# First Frogs: Problems already, please help!



## backafter20 (Mar 11, 2011)

I acquired my first frogs about a month ago. I custom built two 36x24x24 vivs, and wanted frogs that would do well in same-variety groups. I just happened to meet a breeder who was moving and couldn't keep her P. bicolors and R. benedictas, so I got 4 of the first, and 6 of the little ones. I loved them from day one. I almost immediately got eggs from the bicolors, and heard a male calling a few times. The benedictas were supposedly breeding for the previous owner before I got them. They were housed together previously as I have them, but in larger numbers and smaller quarters.

Anyway, last week, I found one of the bicolors flat on its back, dead by the front glass. I had noticed no symptoms at all beforehand. Yesterday I found another dead one, again without having shown any symptoms. I have no idea what may have killed them, or if it is an ongoing issue which will kill more. I need help in diagnosing this issue, please. I'll be happy to answer all the questions over again, but to save some time,

Here is a link to my build thread: http://www.dendroboard.com/forum/parts-construction/295618-something-bit-different.html

Here is a link where I first brought this issue up and discussed it with another member: http://www.dendroboard.com/forum/beginner-discussion/315826-first-frogs-lack-activity.html

I really thought I had educated myself on the topic of keeping frogs, but apparently that isn't the case. After the conversation above, I think that either my frogs have stopped eating for some reason, or there is something toxic in their environment that is slowly poisoning them, or both. I do see my benedictas stalking around in the leaves, and occasionally snapping up a fruit fly. I have never observed my bicolors eating. I have snakes that will not eat while you are watching, but wait till your back is turned. I just figured the frogs were shy, too, and surely they must be eating, right? What would cause an adult frog to just stop eating? Or am I missing something else? Thanks for your ideas. Jim


----------



## Woodswalker (Dec 26, 2014)

If I were in your position, I would be making an appointment with my exotics veterinarian, and doing some testing. Fecals and skin swabs will be a good place to start if you suspect disease. You vet will want to know as much as possible about their environment and history as well. I strongly recommend seeking veterinary care. When they are dying, it is urgent.


----------



## Serafim (Mar 29, 2017)

I would recommend removing the remaining 2 and putting them in a simple QT tank. I am new to dart frogs myself but have had many years experience with reptiles and amphibians. The vet could rule out disease and the QT tankcould rule out chemical leaching. Keep us posted


----------



## Ed (Sep 19, 2004)

There are a number of potential routes of death in your scenario ... 

Some husbandry related possibilities require some more information,

1. If you monitored the humidity in the enclosure, what was/is it on average 
2. If you monitored temperature in the enclosure, what was the maximum temperature? 
3. What kind of silicone did you use to coat the materials? 
4. How long was the enclosure set-up before you added the frogs? 
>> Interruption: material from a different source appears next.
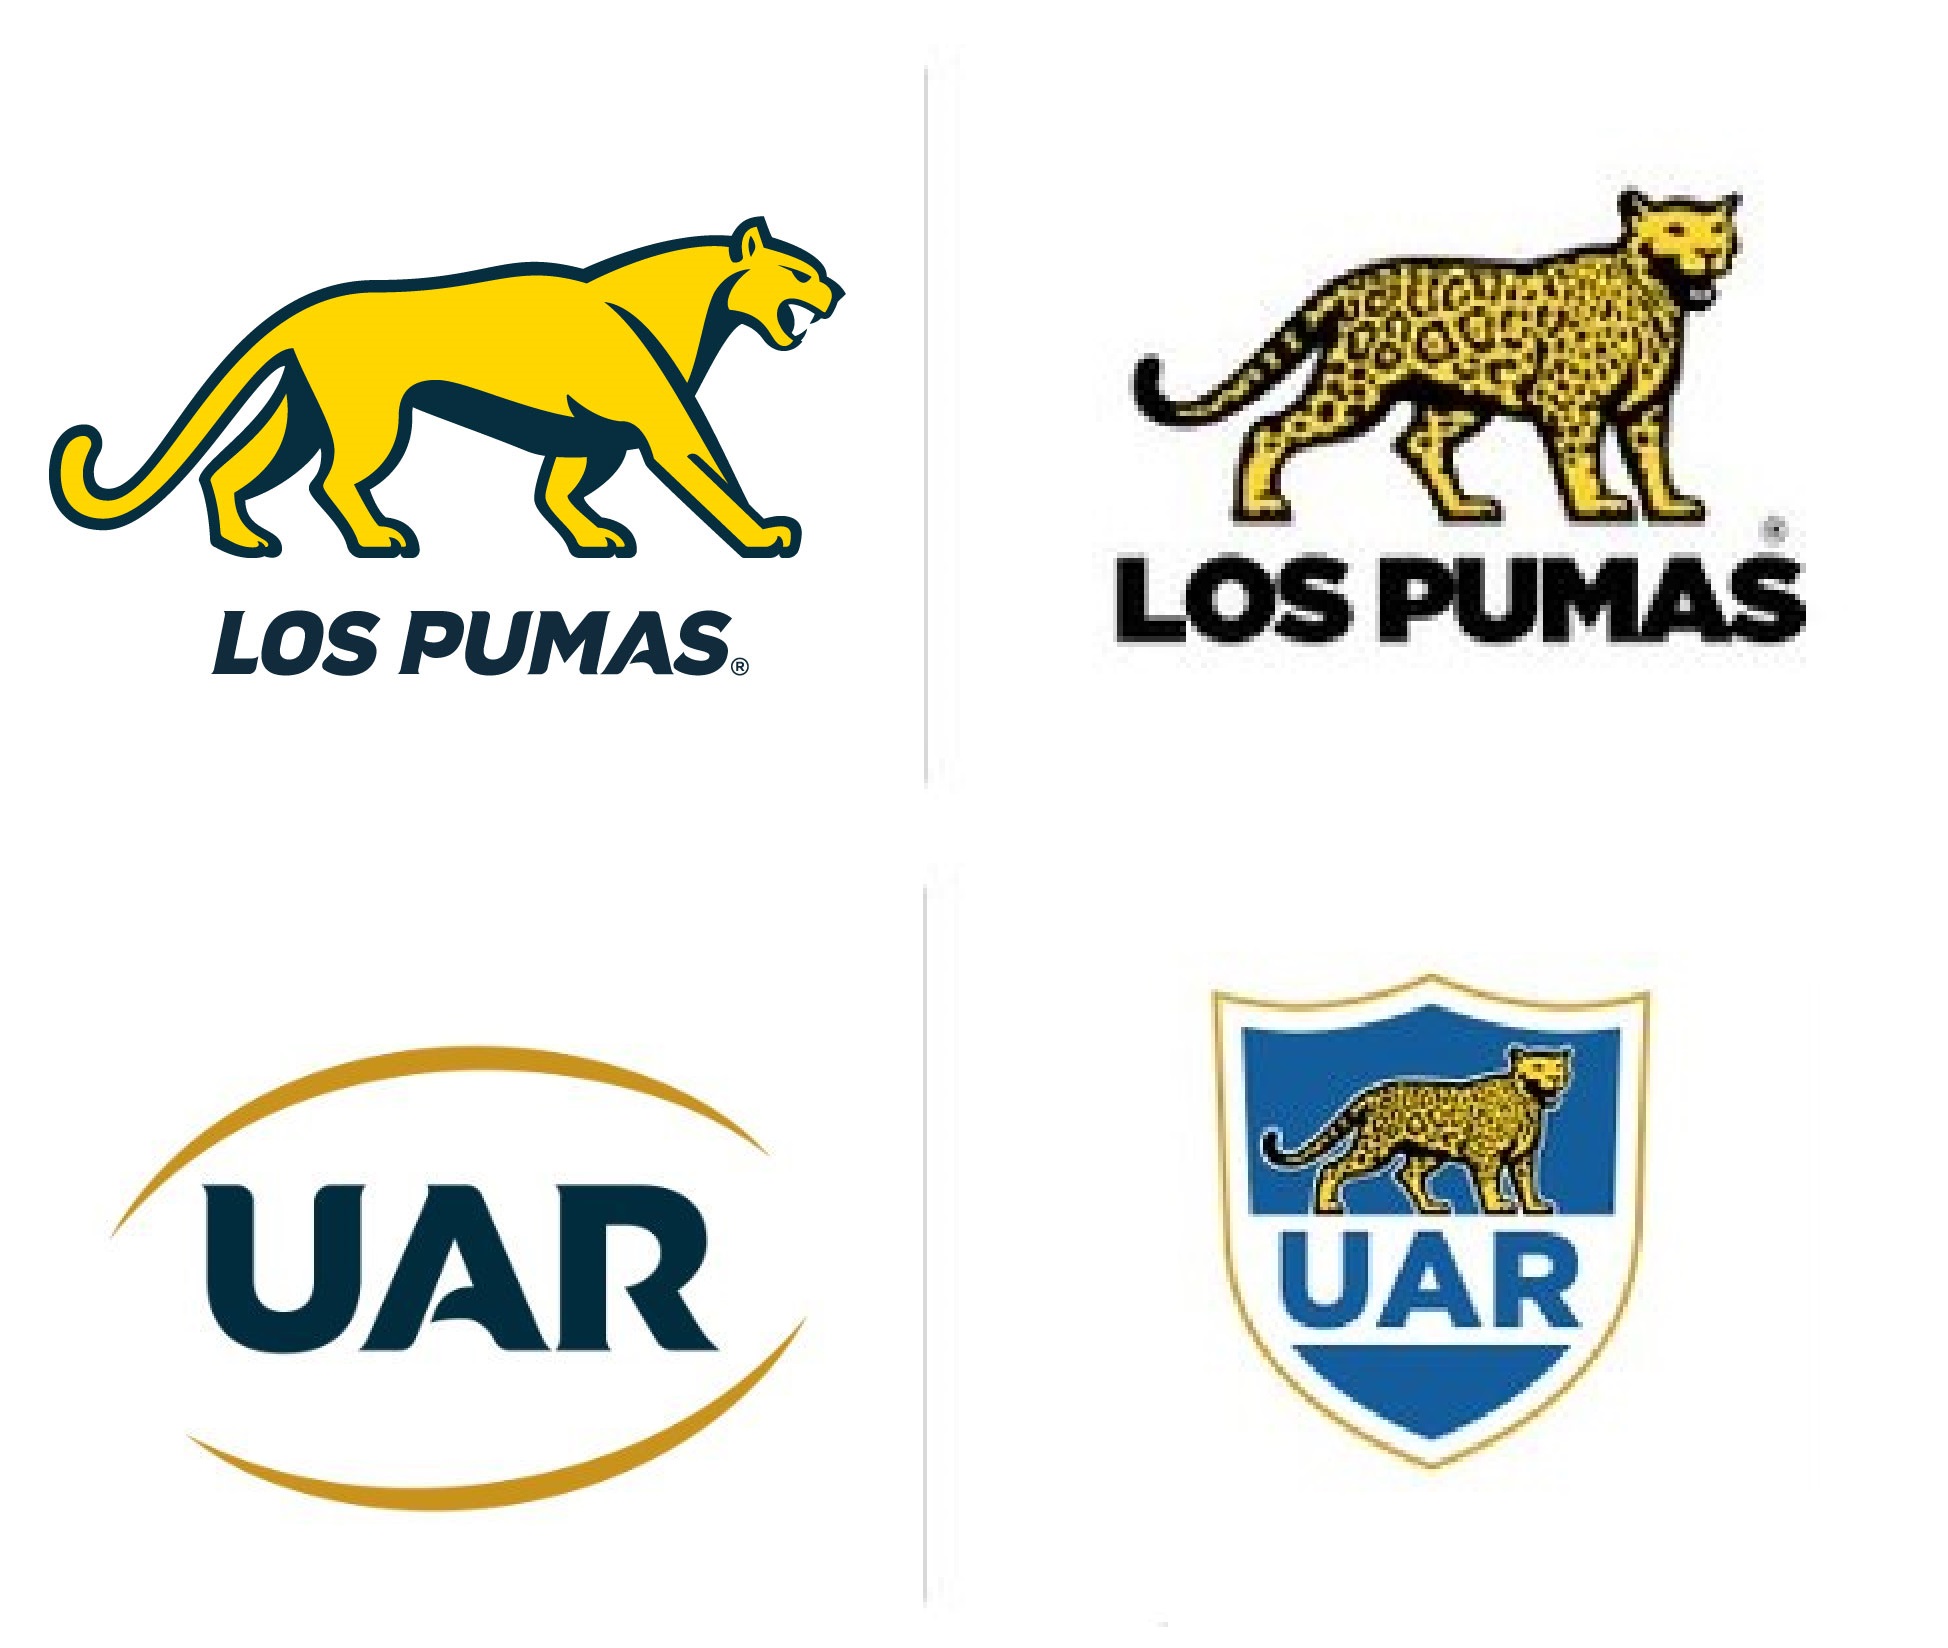 Debate y polémica en puerta: la UAR anunció nueva identidad y el Puma ...

5. You removed the fans due to not being able to control the vibration effect, did you modify the ventilation to take into account the decreased air exchange? 
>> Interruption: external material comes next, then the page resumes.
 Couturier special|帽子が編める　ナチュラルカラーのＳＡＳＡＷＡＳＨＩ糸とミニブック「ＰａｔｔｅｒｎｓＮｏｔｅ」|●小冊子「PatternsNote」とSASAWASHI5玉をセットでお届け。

As for toxicity of styrofoam and polycarbonate, did you read the thread Doug linked you to in your build thread? It doesn't appear that you did as you asked for proof for problems specifically with frog health and there were links to peer reviewed published articles documenting health issues with the materials and frogs. That is one of the things about peer reviewed published articles is that as long as the science was done correctly the information contained in them doesn't expire... so for you to pass it off as questionable because its on the net, would have made me drop out of the thread as well since it makes it clear you didn't bother with the potential risks documented by the literature. 
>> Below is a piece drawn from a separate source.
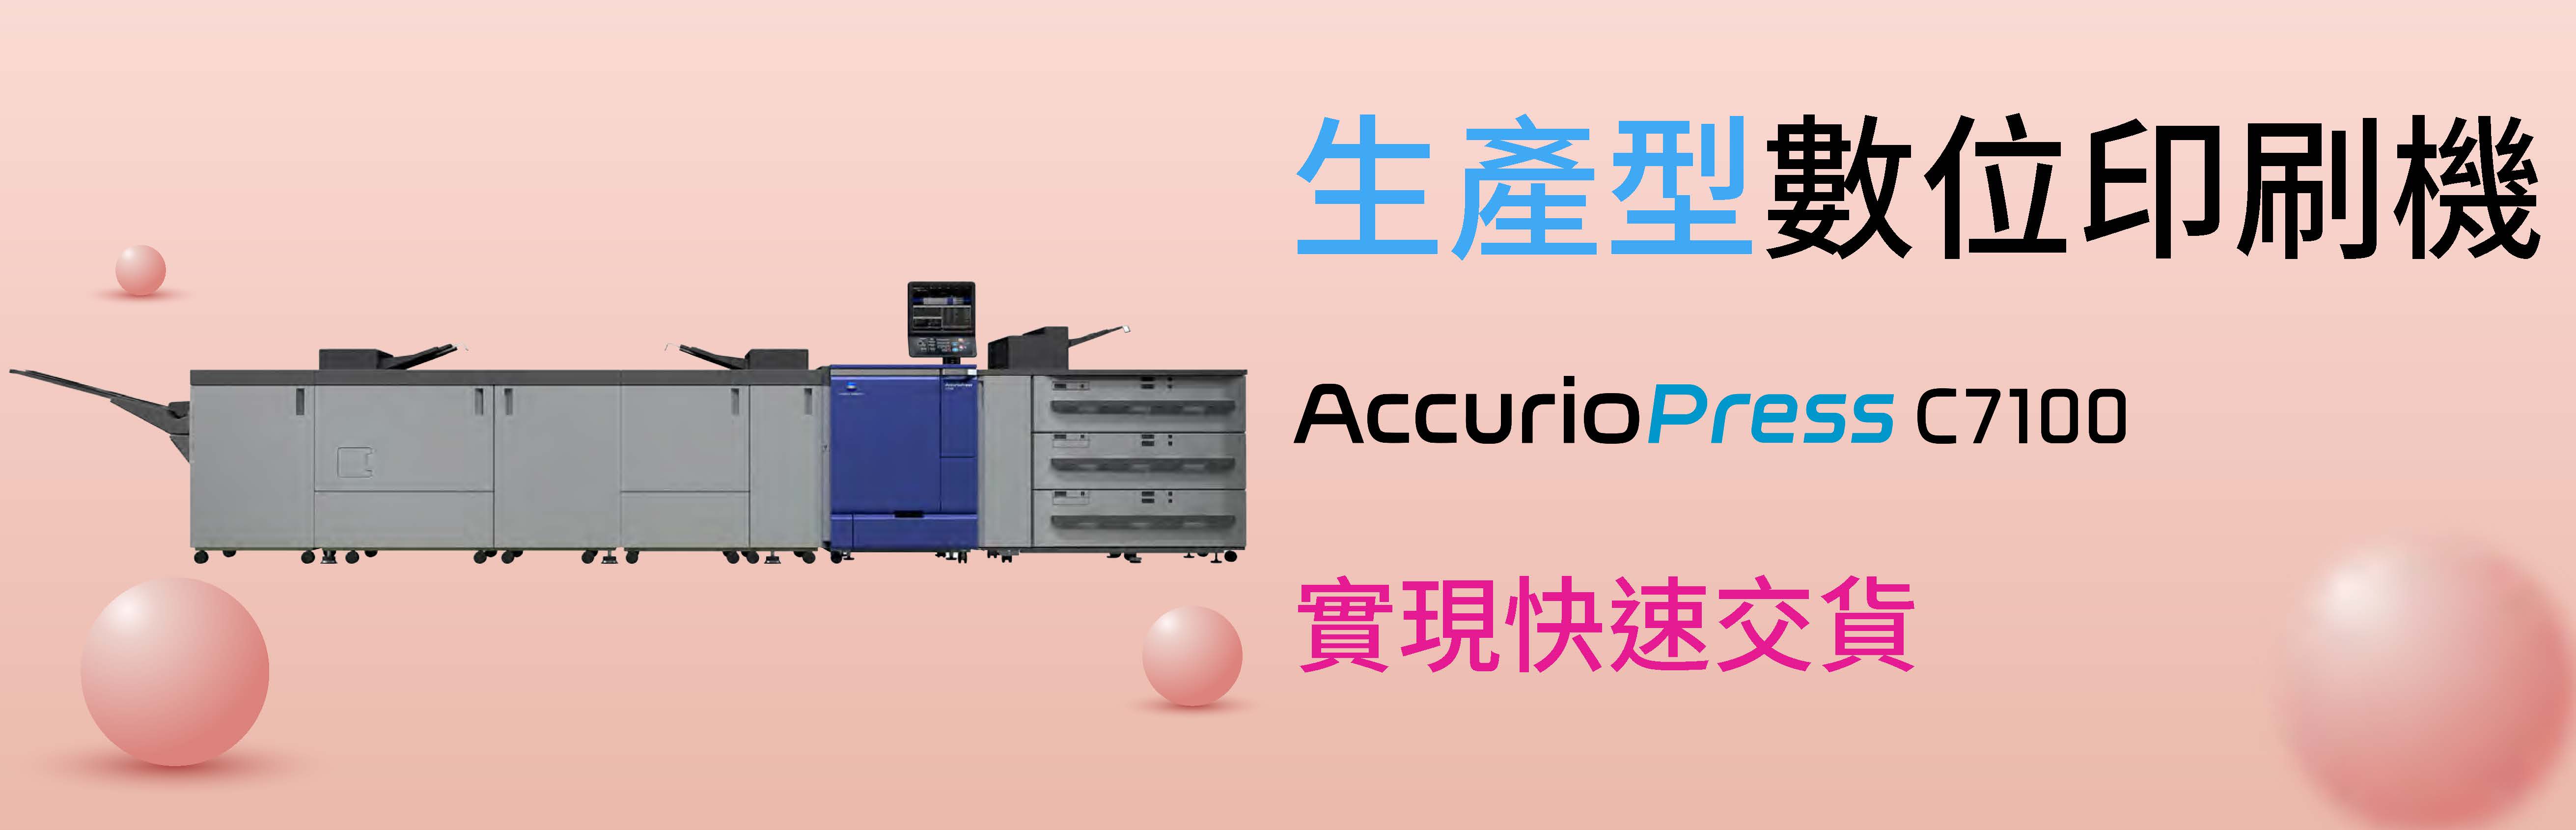 生產型數位印刷機推薦C7100｜自動化印刷，實現高效生產力

Now people have used them without apparent problems in builds but that can be dependent on how their enclosures were built, sealed and operated. Consider that if you had a relatively newly manufactured sheets, they can leach styrene or off-gas styrene which by can have a mortality rate of 100% due to continued exposure (see https://www.google.com/url?sa=t&rct...67M00YYeBMnz3UVHQ&sig2=iRqqvi0PqY-Be_acCoX0Zw for an example). Given that it is toxic to aquatic invertebrates as well as vertebrates we have pretty sure footing that it would kill frogs under the right conditions. 

I'm suspecting its a simpler reason for the deaths but I'll wait until more information comes in.... 

some comments 

Ed


----------



## backafter20 (Mar 11, 2011)

1. Humidity: Very high, but no accurate numbers. I am using a Vivarium Electronics digital themometer/hygrometer. The temp readings seem to be decent, but anything over 50% rh, and the readout jumps to 99% and stays there. You can feel the humidity when you open the door, and I do get condensation on the glass.
2. Max temp probably 75. The enclosures are in a dedicated critter room I have in my basement. Reptiles all have individual heat, both frog enclosures are unheated. They were originally around 65-68F, but it was suggested that I raise the temp into the 70s. I did this by adding a space heater to the room. The enclosures now read from 71-74F. 
3. I did not coat anything with silicone. I coated the foam insulation with drylok masonry waterproofing. I did use some silicone to help seal between the glass doors, and to attach the poly roof panels. All was intended and labeled as aquarium-safe. 
4. Not long. I was a few weeks from completing both vivariums when I learned about the frogs becoming available. The breeder who owned them was moving and could not take them. Her sister-in-law owns a pet store that I frequent and sell snake hatchlings to. She brought the frogs in to sell, but I wasn't ready yet. I had the frogs held for me, but it took several more weeks before I got the vivariums done and planted. I would go in and observe the frogs, which were eating like pigs, and appeared healthy, but were crowded into very small Exo-terras with few hiding places. I was concerned about the overcrowding and potential stress on them, so got the frogs as soon as possible, figuring they would be better off with fewer numbers and larger quarters.
5. Each viv does have a fan. I just didn't get to use my custom hidden ductwork to house them. Instead, I wrapped each fan in fine mesh and suspended them from the ceiling on rubber bands, pointing towards the glass to reduce condensation. I also have full-width external ventilation below the door, and at the top rear.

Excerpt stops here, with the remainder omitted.